Colostrum is rich in energy, nutrients, growth factors and antibodies. Antibodies boost the kittens' immune system giving them some protection from infectious diseases until their immune systems develop and mature. The antibodies provide protection in two ways, by directly binding germs in the gut and also by being absorbed into the bloodstream. Antibodies in the colostrum can only be absorbed into the blood for a short period of time after birth (around 24 hours). After this time, the intestines (guts) are no longer able to take up antibodies. Colostrum is also rich in other hormones and growth factors that help kittens to grow and their organs to develop.

How can I boost my kitten's immune system?

It is important to try to get a kitten to suckle as soon as possible, to ensure a good uptake of antibodies from the colostrum. To make sure the colostrum is the best quality possible, it is important to feed good quality food to the queen throughout pregnancy and lactation, and to ensure that she is fully vaccinated. If the queen is not producing any milk or the kitten is not sucking, it may be necessary to talk to a vet about giving the newborn kitten serum to give some protection.
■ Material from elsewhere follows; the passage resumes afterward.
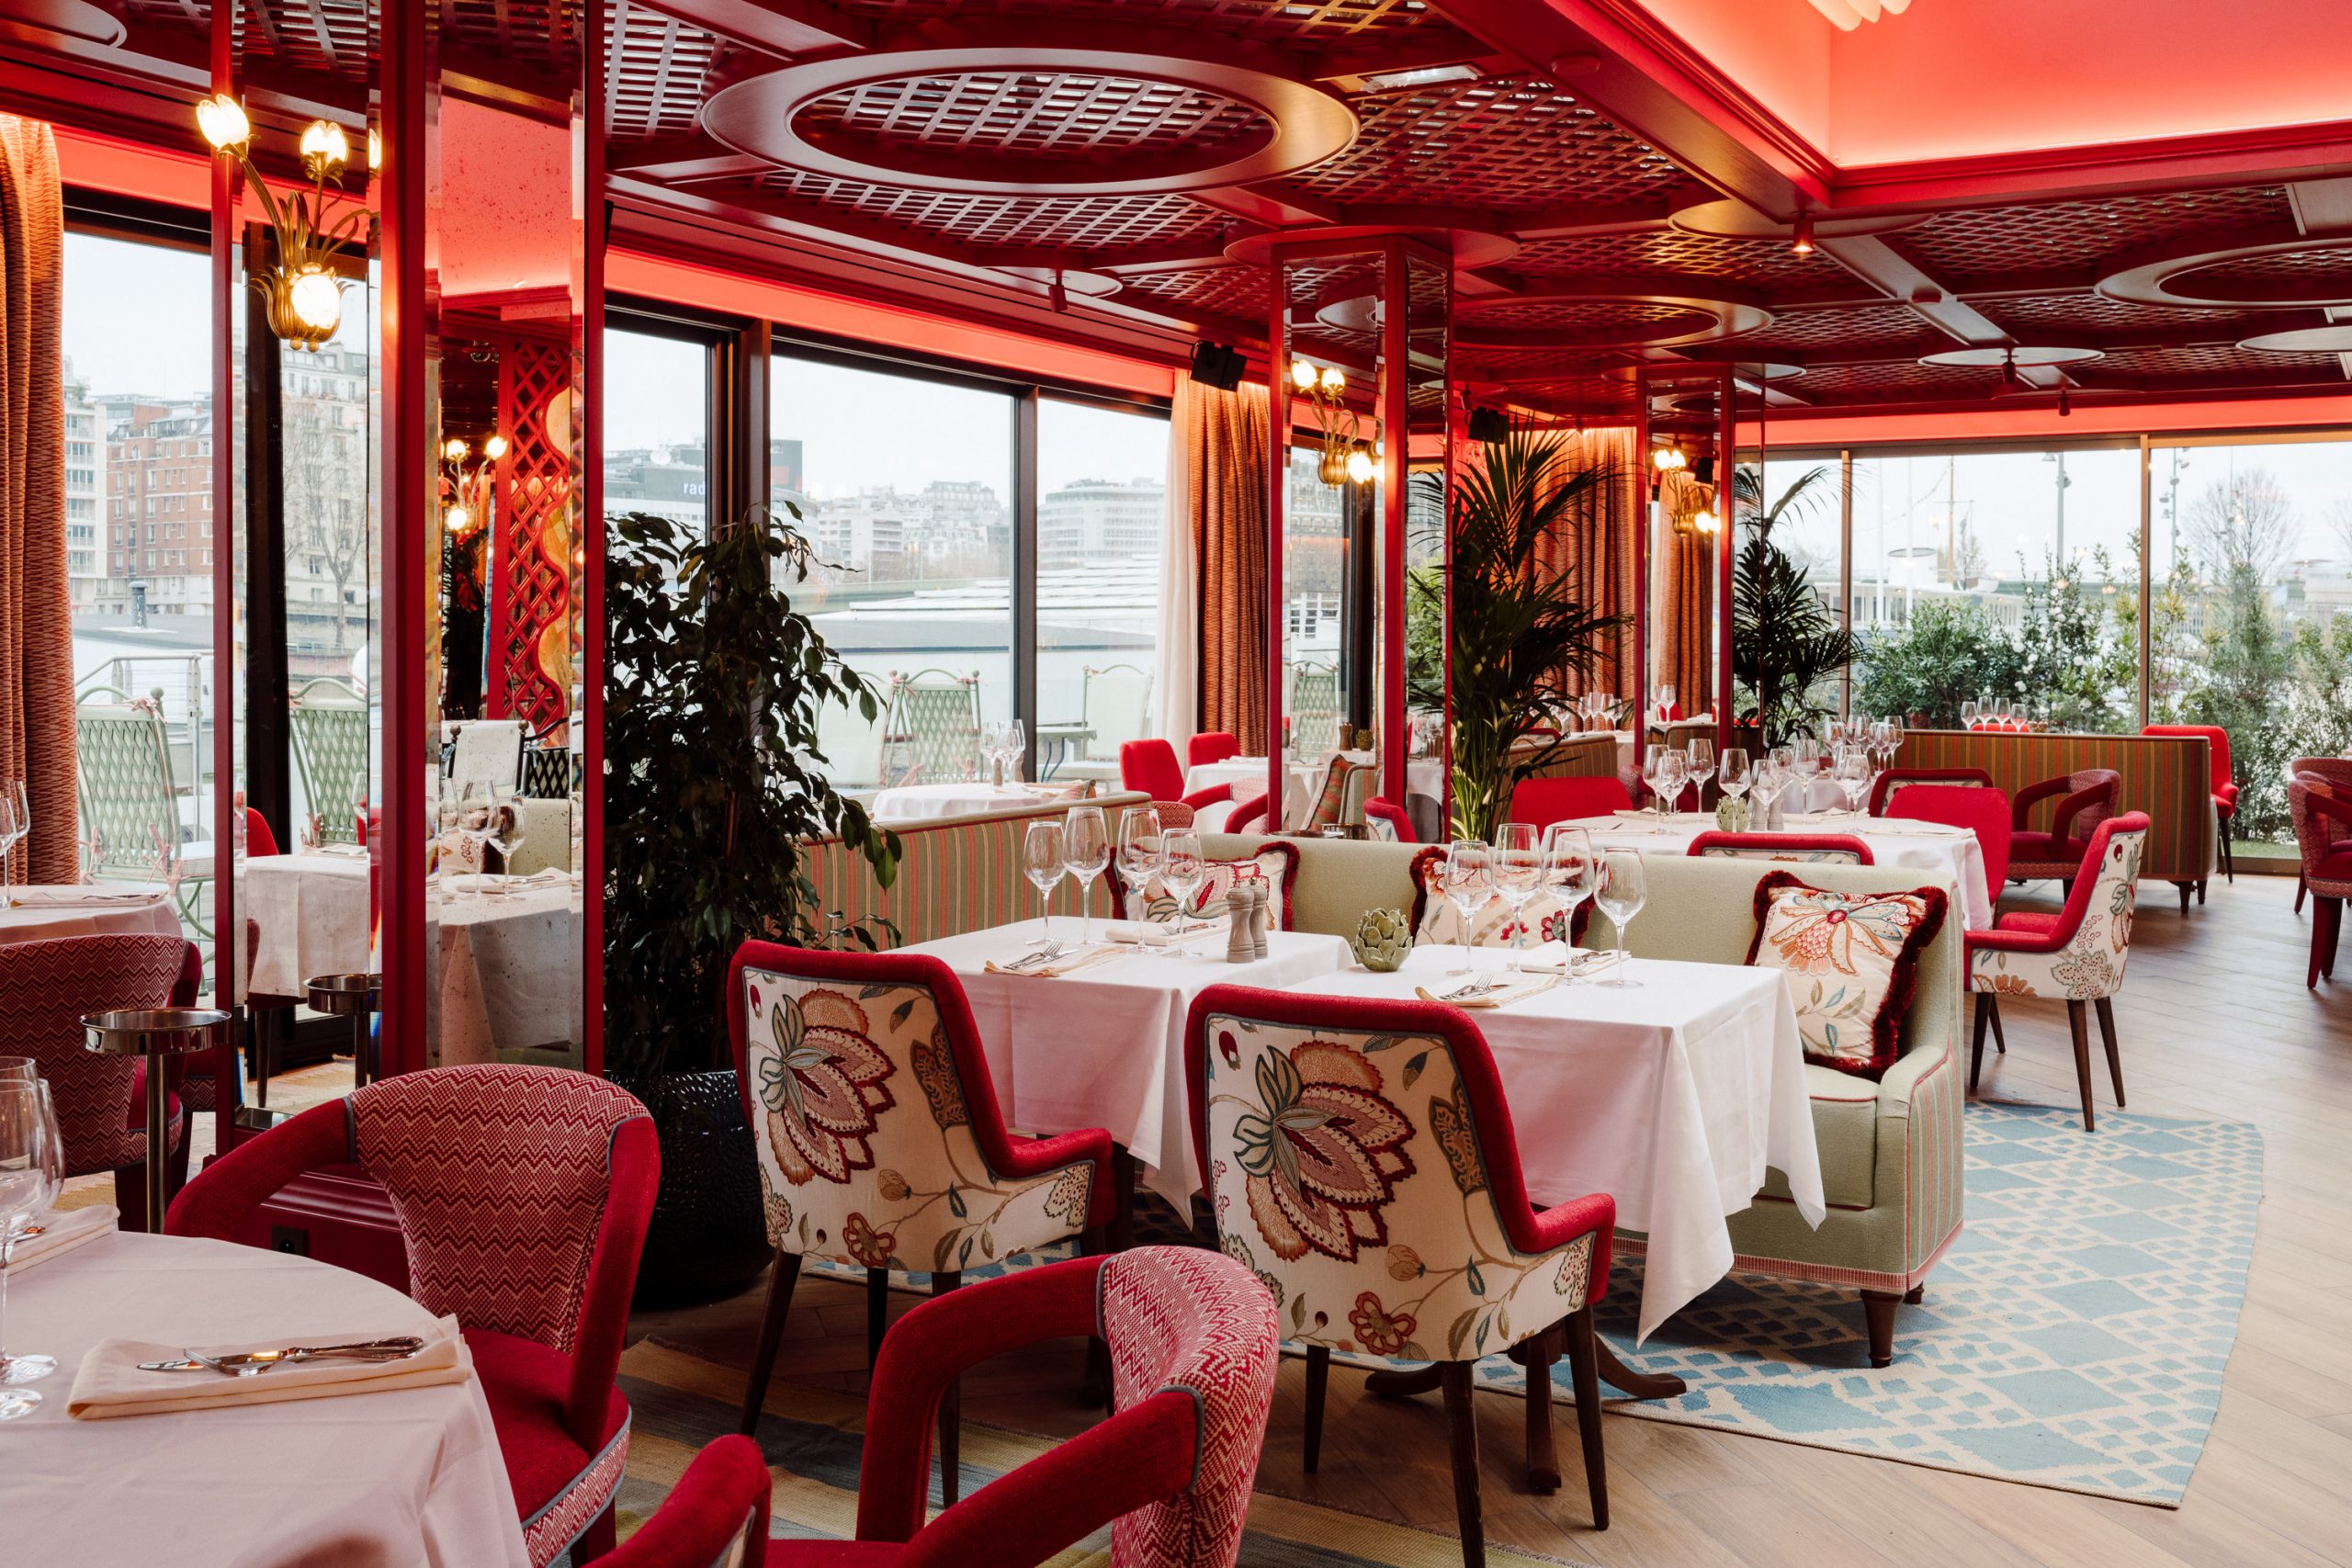 Cuisine seahouse et esprit «guinguette chic» à La Plage Parisienne
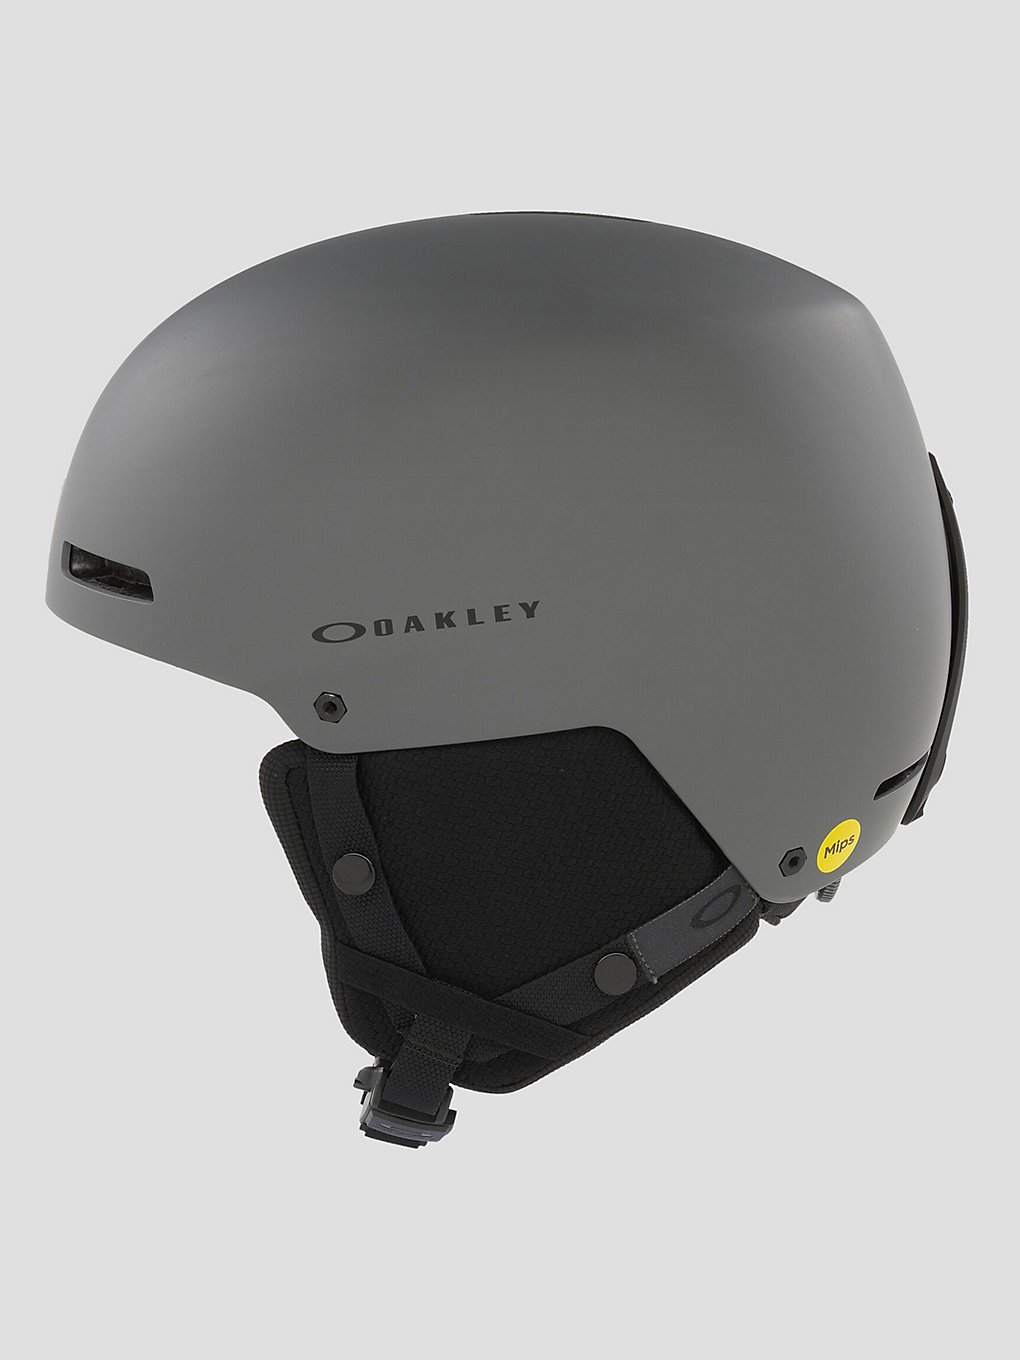 Oakley Mod1 Pro Helmet forged iron

Does a kitten have a strong immune system?

When a kitten is born their immune system is immature (weak), meaning that they are unable to respond properly to infections. A kitten gets some immunity from their mother's colostrum in the form of antibodies, which help protect the kitten from infections that the mother has previously been exposed to.

As a kitten gets older their immune systems develops and gets stronger, meaning that the kitten's own body can respond to infections. As the kitten’s immune system develops, immunity gained from their mother wears off, usually around the time that vaccinations are recommended.

How can I boost my kitten's immune system with colostrum?

It is important to make sure your kitten gets enough colostrum and is suckling well on its mother within the first few hours after being born. If a queen is not producing milk, you may want to talk to a vet about how you can help.

Alternatives to the mother's colostrum are colostrum from another queen who has just given birth, or serum from a healthy adult cat. It is best to talk to a vet about this, as you may need to check the blood groups of the cats to make sure you don’t cause anaemia in the kittens. It is not a good idea to use colostrum from another species e.g. a dog or a cow.

What should I ask a vet about colostrum and kitten immunity? 

If you have any concerns about your kitten suckling, you may want to talk to a vet about ways you can help. This may include asking how you can encourage suckling or what to do if the queen isn’t producing milk or allowing the kittens to suckle. When planning a pregnancy, you may also like to ensure that the queen is fully vaccinated. You may also discuss with a vet how you can adjust the queen's diet to ensure that she produces the best quality colostrum possible.